Blackbird nodded at that. “Best get on.”
The third digger, a fellow in his fortie
s, with salt-and-pepper hair and a wiry beard, panted, “We’re almost there. Ain’t deep.”
“Finish it off, then, Harlowe,” Blackbird said.
It was only moments after Harlowe’s nodded response that one of the battered tools hit upon something with a low thud, dull but distinct from the surrounding loose earth. Unmistakably wood upon wood. Blackbird glanced up at Gilroy with a grin. “What was you saying?”
Hawke smirked as the lamp-bearer hacked up a wad of phlegm and deposited it at the foot of a nearby tombstone. “To business, then.”
The five converged on the grave, peering along the lantern’s modest beam. They had dug what amounted to a narrow shaft. It was the width of three spades, and no more than two feet deep, ending abruptly where, they now saw, dark soil gave way to the pale flatness of timber. Blackbird dropped his spade again and delved into the hole, rapping the coffin lid lightly with gloved knuckles. “Wake up, sirrah. You’re late for work.”
The others sniggered.
Blackbird slunk away from the fresh tunnel and straightened slowly, dropping the tool and stretching his back like a waking tomcat. “If you please, Mister Hawke.”

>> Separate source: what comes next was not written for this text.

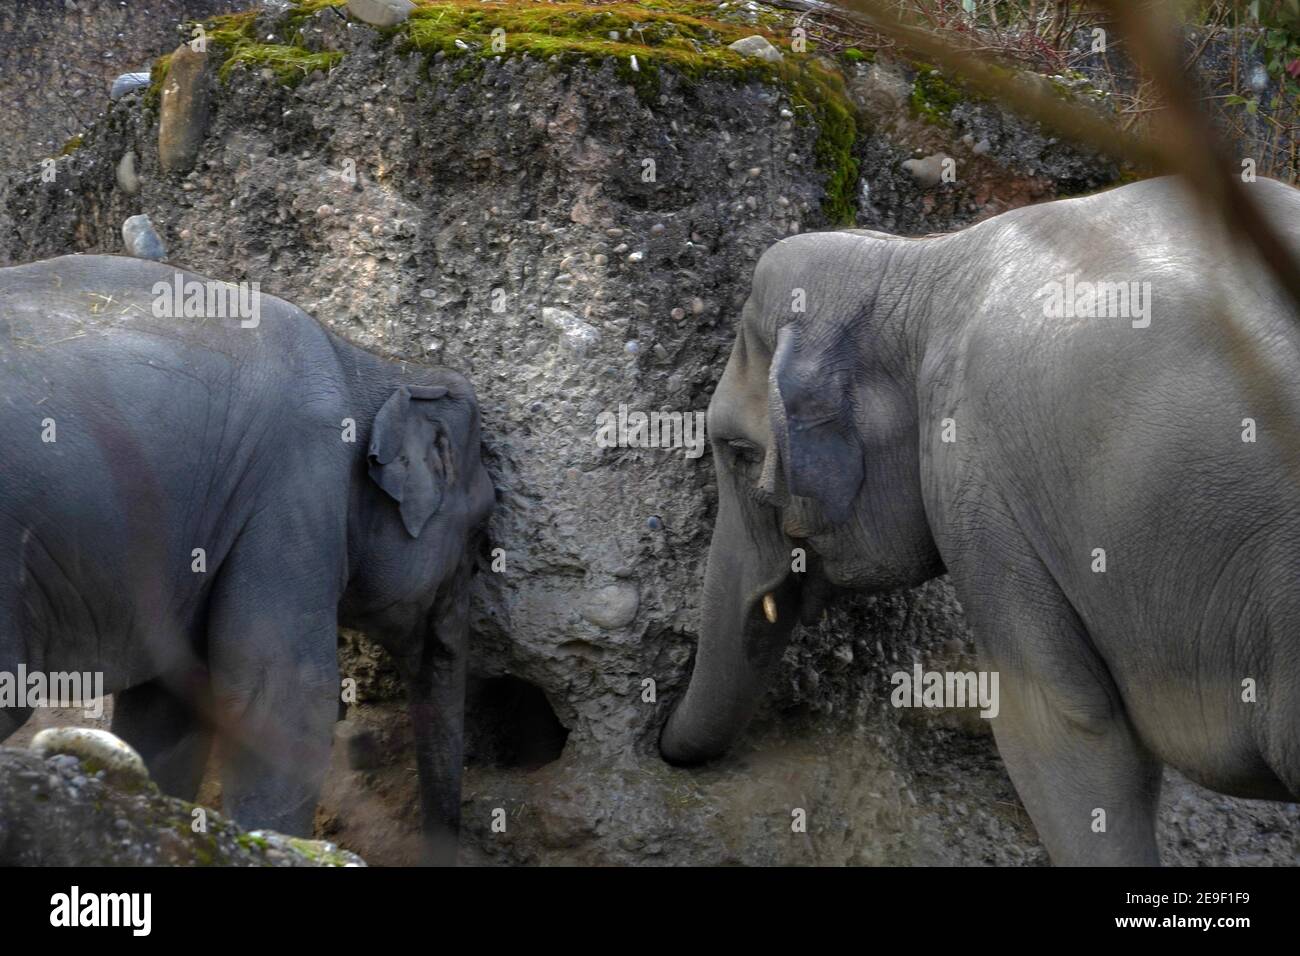 Zwei indische Elefanten, in Latein Elephas maximus indicus genannt, leben in Gefangenschaft erkunden und spielen mit einer interaktiven Betonwand. Stockfoto
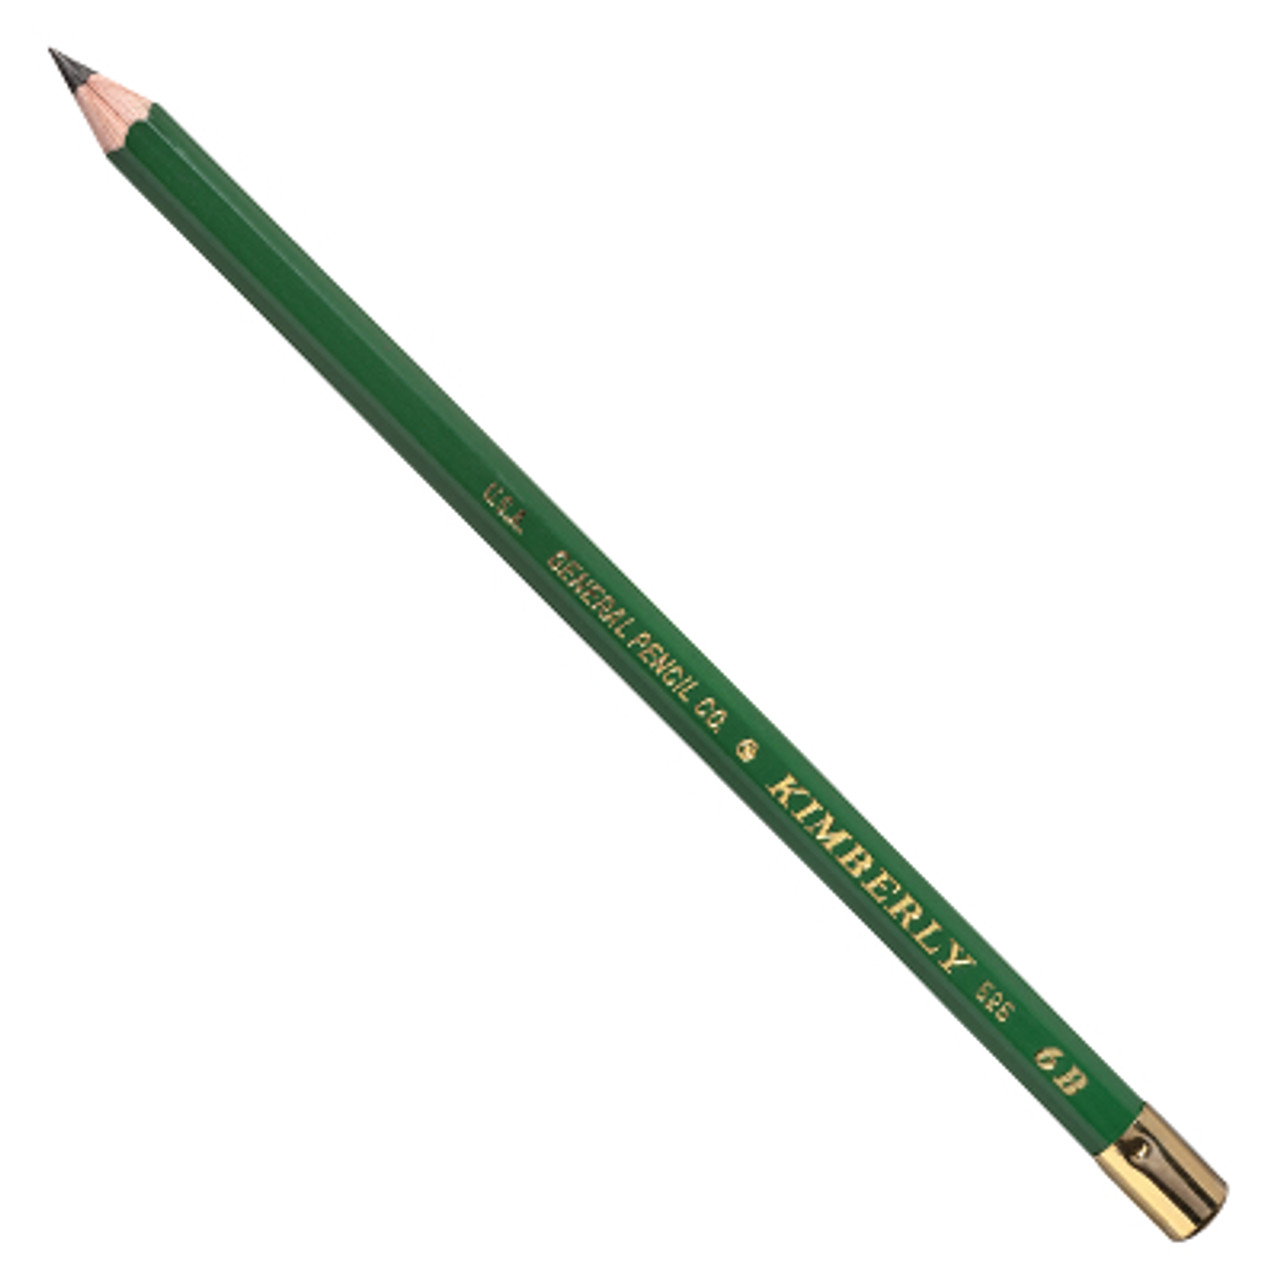 Kimberly Drawing 2-Pencil Sets 6b

Hawke moved to the edge of the hole and dropped to his knees. The world swam for a second, and he screwed his eyes tight shut, waiting for the gin-haze to drift away. Head clearing, he thrust both crowbars into the abyss, hooking the timber lid firmly. Only a small portion of the coffin was exposed, but quite enough for their purpose this night. He sucked a huge breath into his lungs, the cold air racing up and down his ribs. And then he pulled.
Hawke had been strong once, but all that had gone, ebbed away to leave him a brittle shell of former glory. But the wood used for such a coffin was cheap, more rotten than the body it contained, and it snapped easily, splintering between the force of the bars and the weight of remaining soil. For a heartbeat the group fell silent. The snapping had sounded unnaturally loud in these smallest hours, and, though none said it, Hawke knew that they each would be listening for the dread tone of a rising hue and cry. Nothing came. Stillness only. Suffocating silence.